See this tweet and whole tread https://twitter.com/JessieSunPsych/status/1333086463232258049 h/t Guzey
Misha_Yagudin @ 2020-12-12T17:45 (+1)
Huh! The thread I linked to and David Manheim's winning comment cite the same paper :)
Tetraspace Grouping @ 2020-12-06T19:55 (+7)
Simple linear models, including improper ones(!!). In Chapter 21 of Thinking Fast and Slow, Kahneman writes about Meehl's book Clinical vs.
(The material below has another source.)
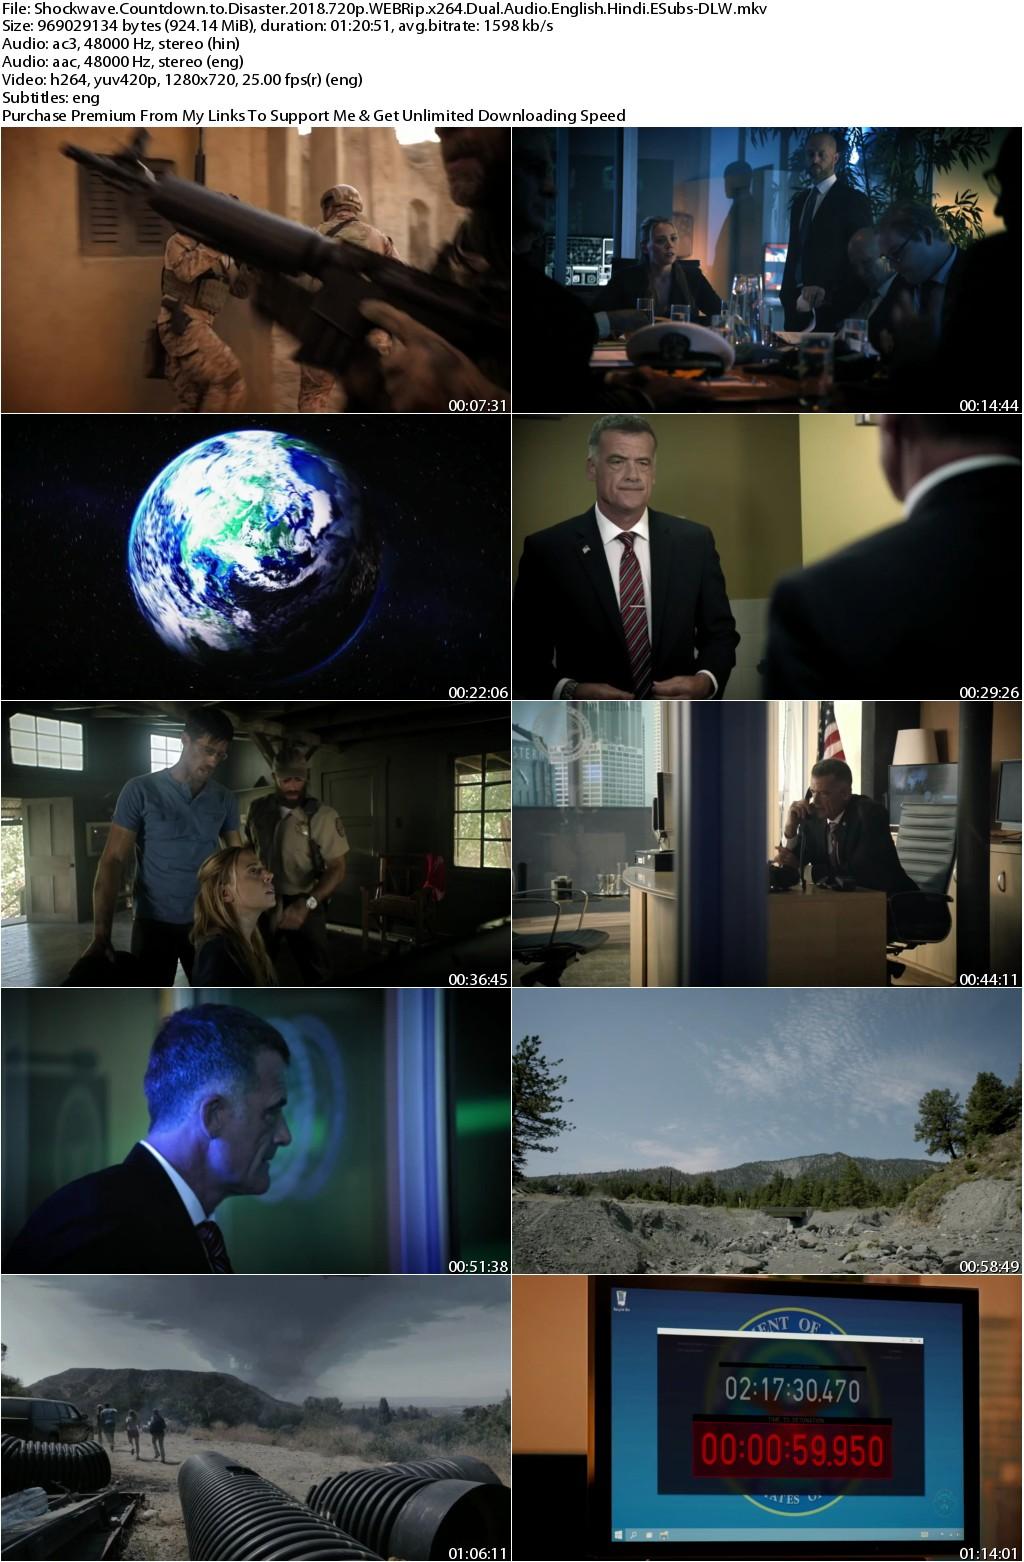 Shockwave Countdown to Disaster (2018) 720p WEBRip x264 Dual Audio English Hindi ESubs-DLW

Statistical Prediction: A Theoretical Analysis and a Review, which finds that simple algorithms made by getting some factors related to the final judgement and weighting them gives you surprisingly good results.
The number of studies reporting comparisons of clinical and statistical predictions has increased to roughly two hundred, but the score in the contest between humans and algorithms has not changed. About 60% of the studies have shown significantly better accuracy for the algorithms. The other comparisons scored a draw in accuracy [...]
If they are weighted optimally to predict the training set, they're called proper linear models, and otherwise they're called improper linear models. Kahneman says about Dawes' The Robust Beauty of Improper Linear Models in Decision Making that
A formula that combines these predictors with equal weights is likely to be just as accurate in predicting new cases as the multiple-regression formula that was ptimal in the original sample. More recent research went further: formulas that assign equal weights to all the predictors are often superior, because they are not affected by accidents of sampling.
That is to say: to evaluate something, you can get very far just by coming up with a set of criteria that positively correlate with the overall result and with each other and then literally just adding them together.
Elizabeth @ 2020-12-08T18:09 (+6)
Winner
Last week we announced a prize for the best example of an evaluation. The winner of the evaluations prize is David Manheim, for his detailed suggestions on quantitative measures in psychology. I selected this answer because, although IAT was already on my list, David provided novel information about multiple tests that saved me a lot of work in evaluating them. David has had involvement with QURI (which funded this work) in the past and may again in the future, so this feels a little awkward, but ultimately it was the best suggestion so it didn’t feel right to take the prize away from him.
Honorable mentions to Orborde on financial stress tests, which was a very relevant suggestion that I was unfortunately already familiar with, and alexrjl on rock climbing route grades, which I would never have thought of in a million years but has less transferability to the kinds of things we want to evaluate.
Post-Mortem
How useful was this prize? I think running the contest was more useful than $50 of my time, however it was not as useful as it could have been because the target moved after we announced the contest. I went from writing about evaluations as a whole to specifically evaluations that worked, and I’m sure if I’d asked for examples of that they would have been provided. So possibly I should have waited to refine my question before asking for examples. On the other hand, the project was refined in part by looking at a wide array of examples (generated here and elsewhere), and it might have taken longer to hone in on a specific facet without the contest.
Davidmanheim @ 2020-12-10T06:55 (+7)
Thanks - I'm happy to see that this was useful, and strongly encourage prize-based crowdsourcing like this in the future, as it seems to work well.
That said, given my association with QURI, I elected to have the prize money donated to Givewell.